Multiple sclerosis is known to cause pain among patients, but studies are lacking on how much pain patients feel or how pain affects their daily lives.
In a new study in the most recent issue of Archives of Neurology, Danish researchers report results from a postal survey aimed at gauging pain among those with MS and comparing it to pain suffered by people in the general population. Investigators mailed detailed questionnaires to 711 MS patients living in one Danish county and 769 members of the general public who were matched by age and sex to the MS patients.
Among those responding to the survey, about 80 percent of the MS patients reported experiencing monthly pain, compared to about 75 percent of the control subjects. However, MS patients were more likely to report more severe pain, greater daily use of analgesics, and pain that interfered with daily life most or all of the time. MS patients were also more likely to report pain in more
than one location and more frequent pain in areas such as the eyes, face, joints and muscles than those without MS.

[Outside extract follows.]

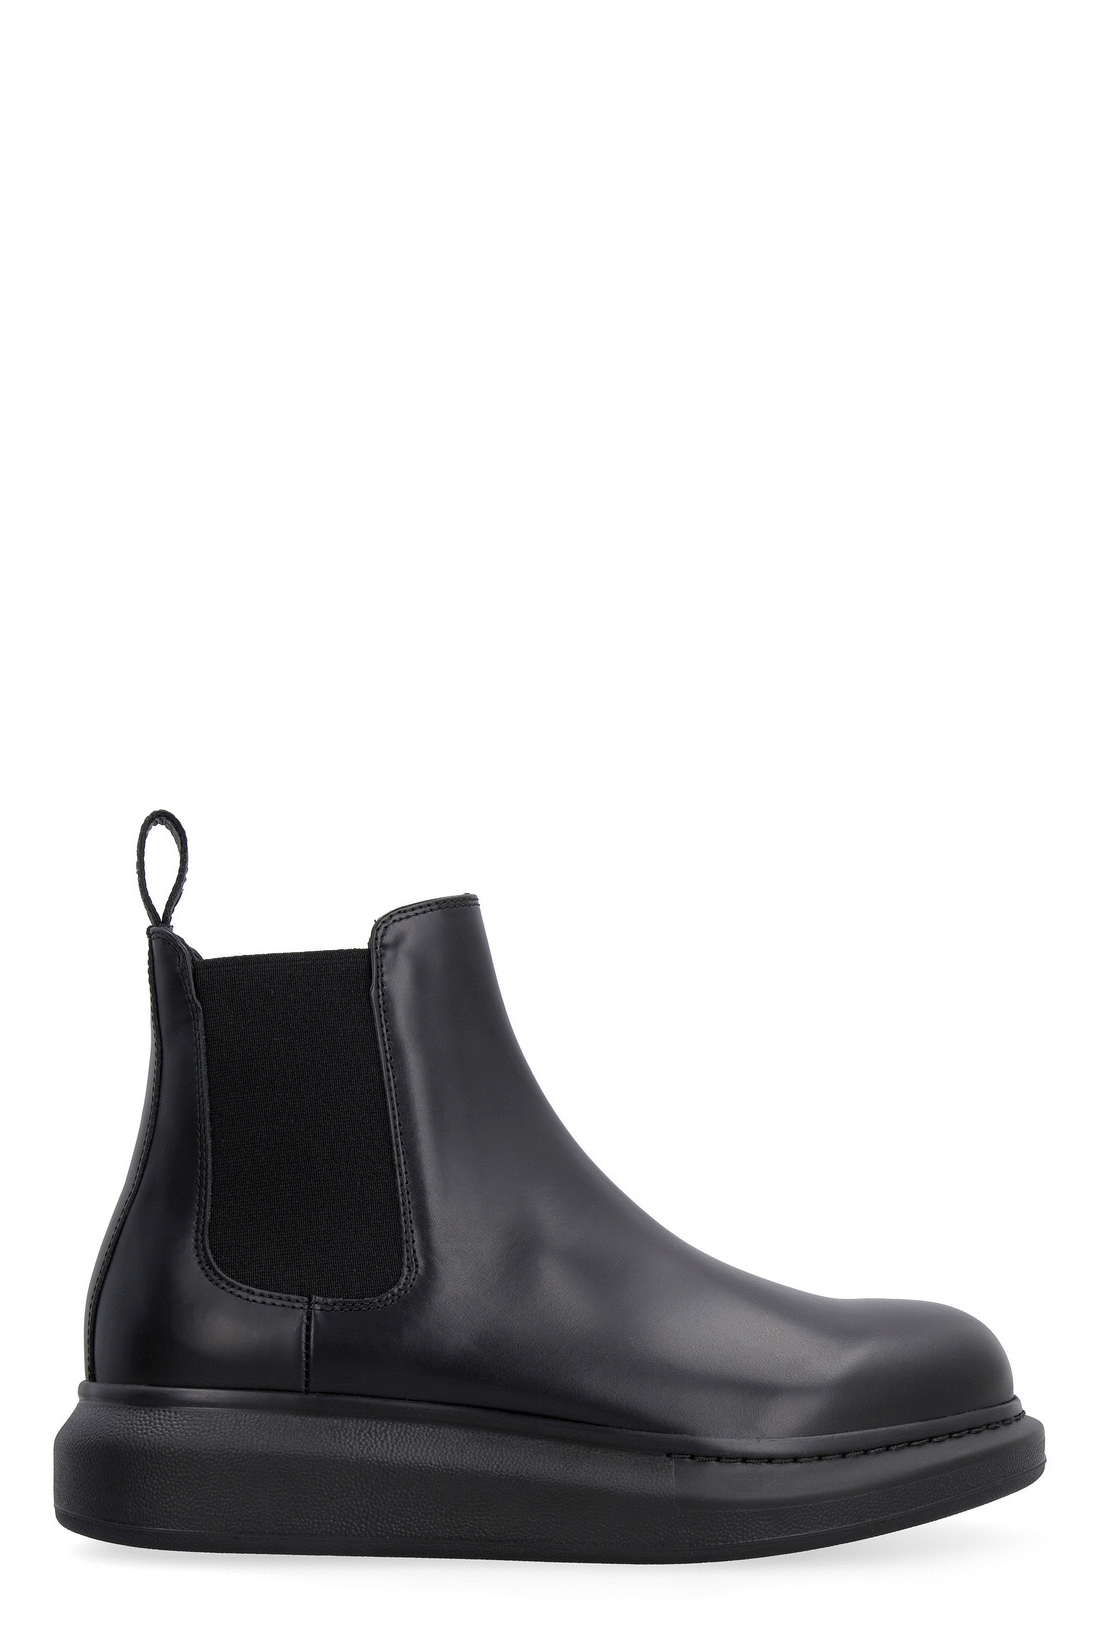 Hybrid leather Chelsea boots

The authors believe these findings are important because, while doctors recognize MS patients experience pain, pain has not been considered an important element of MS. They write, "To our knowledge, this is the first population-based study of pain in MS patients including a comparable
reference group. We suggest that a careful analysis and classification of pain in MS patients, along with a mechanism-based treatment strategy, may improve the quality of life for MS patients."